- **INSTRUCTIONS FOR THE TASK**
From the first line to the last, copy the listing exactly and omit the pictures.

- **INFORMATION PROVIDED**
----

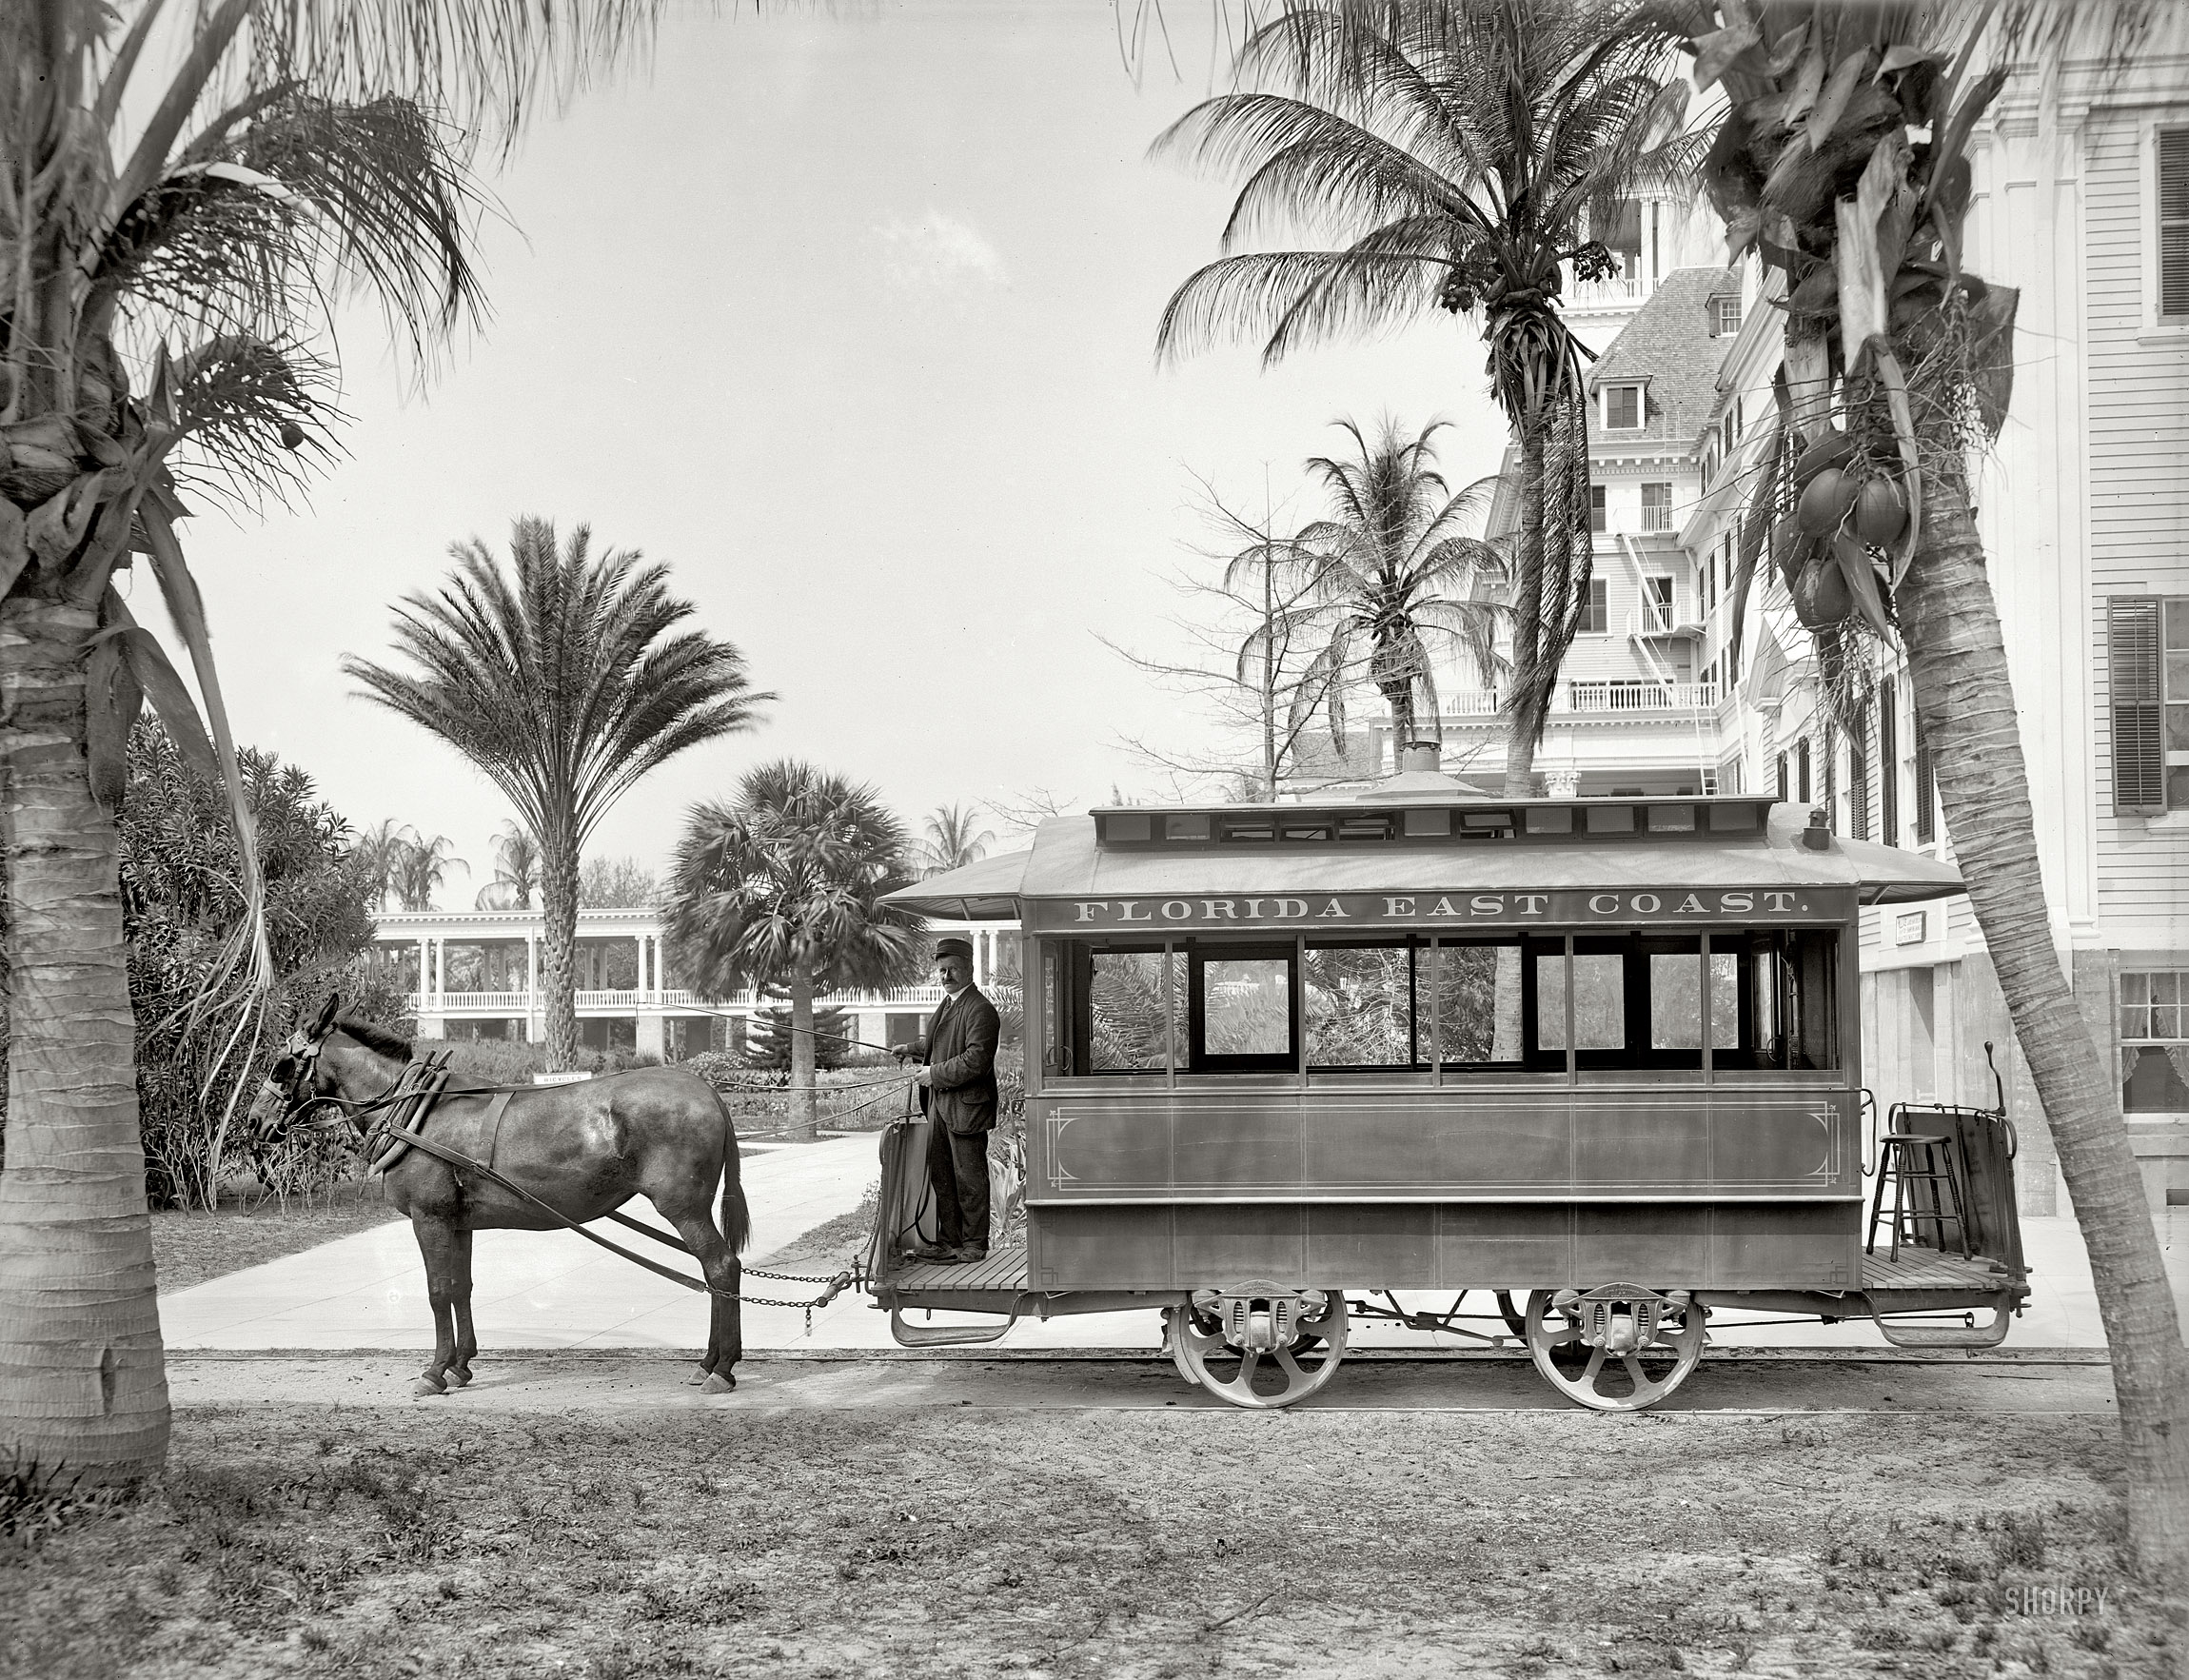 Florida circa 1905. "The Palm Beach 'trolley.' " Early development in the Sunshine State. 8x10 inch dry plate glass negative, Detroit Publishing Co. View full size.
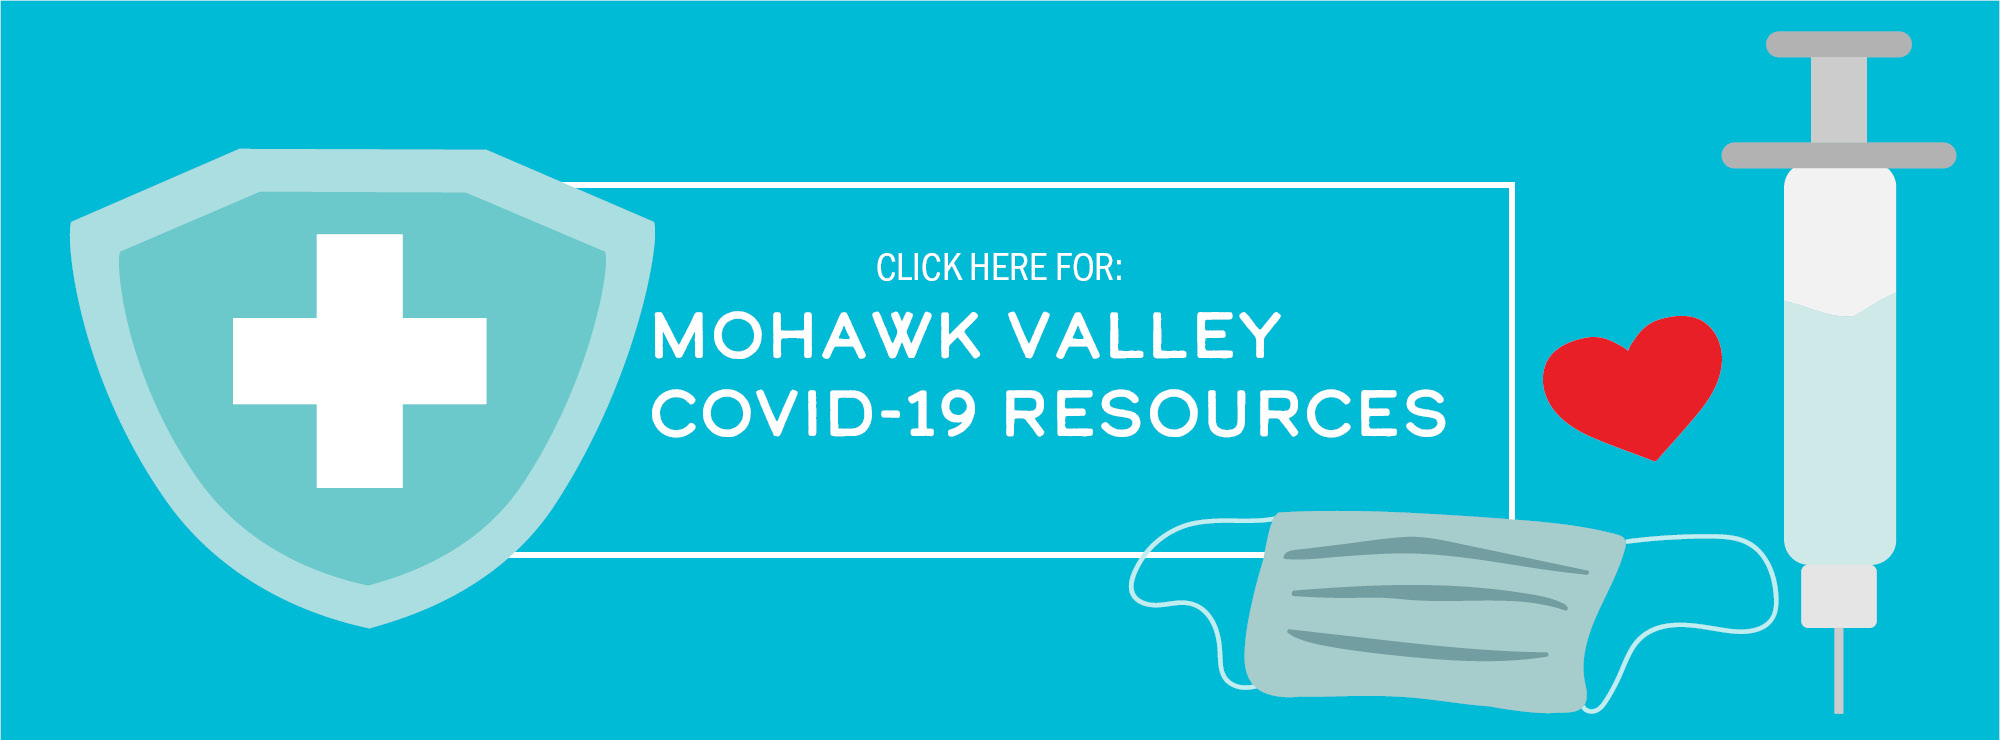 Mohawk Valley COVID-19 Resources
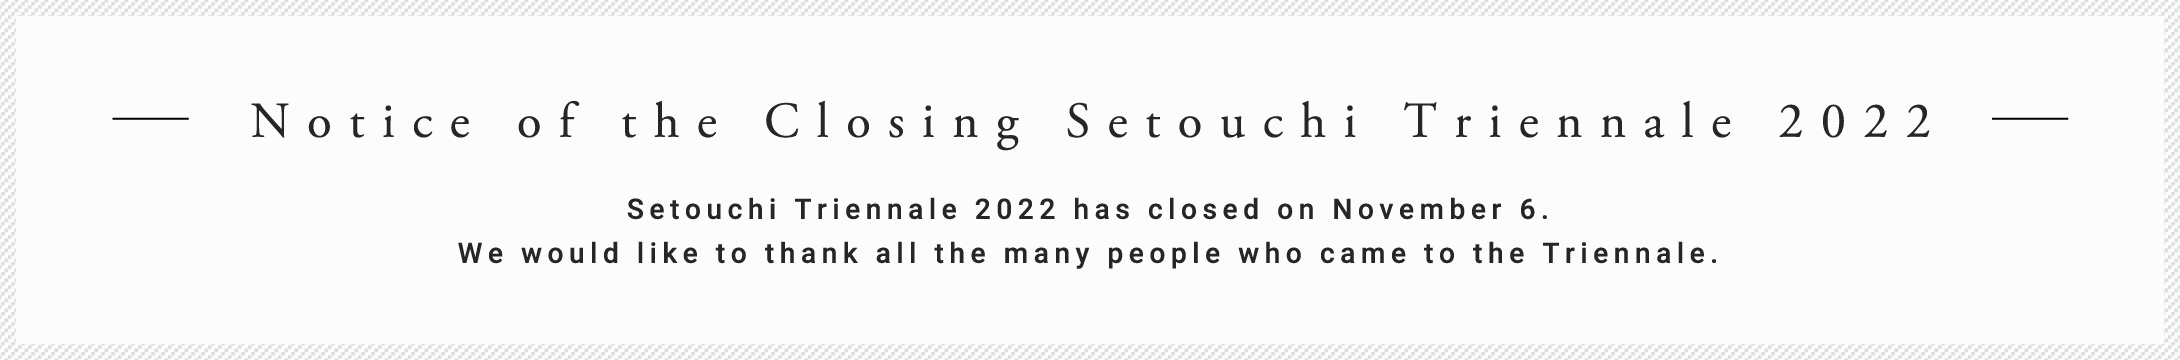 Notice of the Closing Setouchi Triennale 2022 Setouchi Triennale 2022 has closed on November 6. We would like to thank all the many people who came to the Triennale.
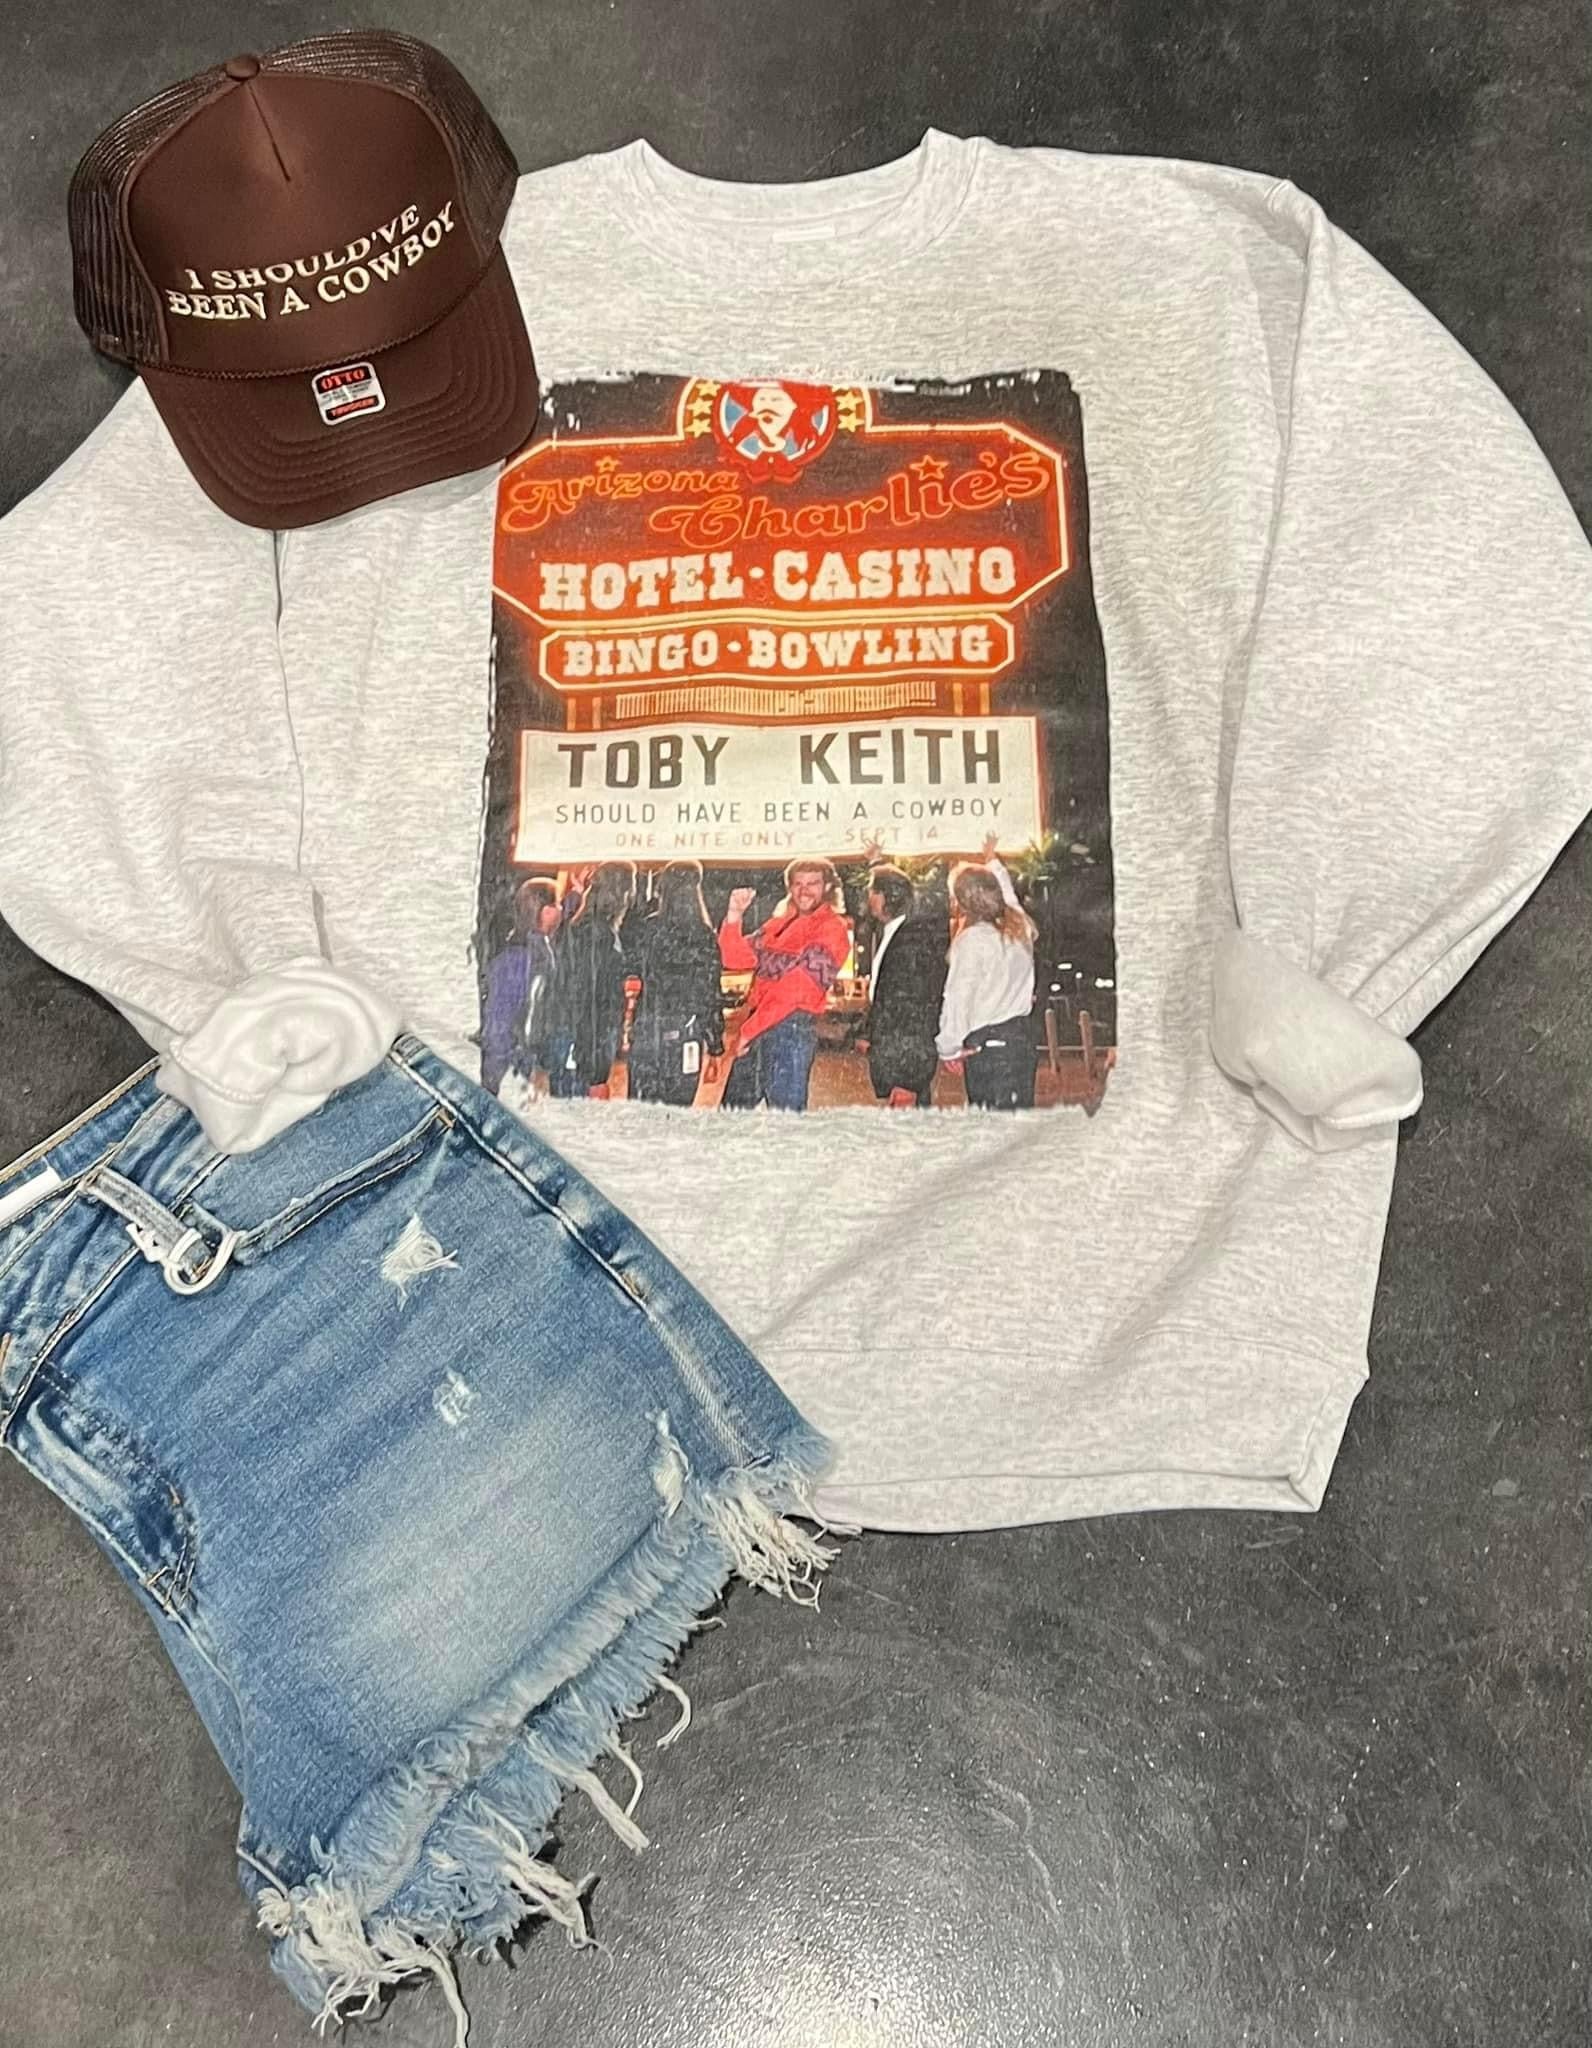 TOBY KEITH LIVE ONE NITE ONLY

----

- **ANSWER BOX**
 Florida circa 1905. "The Palm Beach 'trolley.' " Early development in the Sunshine State. 8x10 inch dry plate glass negative, Detroit Publishing Co. View full size.
 Mohawk Valley COVID-19 Resources
 Notice of the Closing Setouchi Triennale 2022 Setouchi Triennale 2022 has closed on November 6. We would like to thank all the many people who came to the Triennale.
 TOBY KEITH LIVE ONE NITE ONLY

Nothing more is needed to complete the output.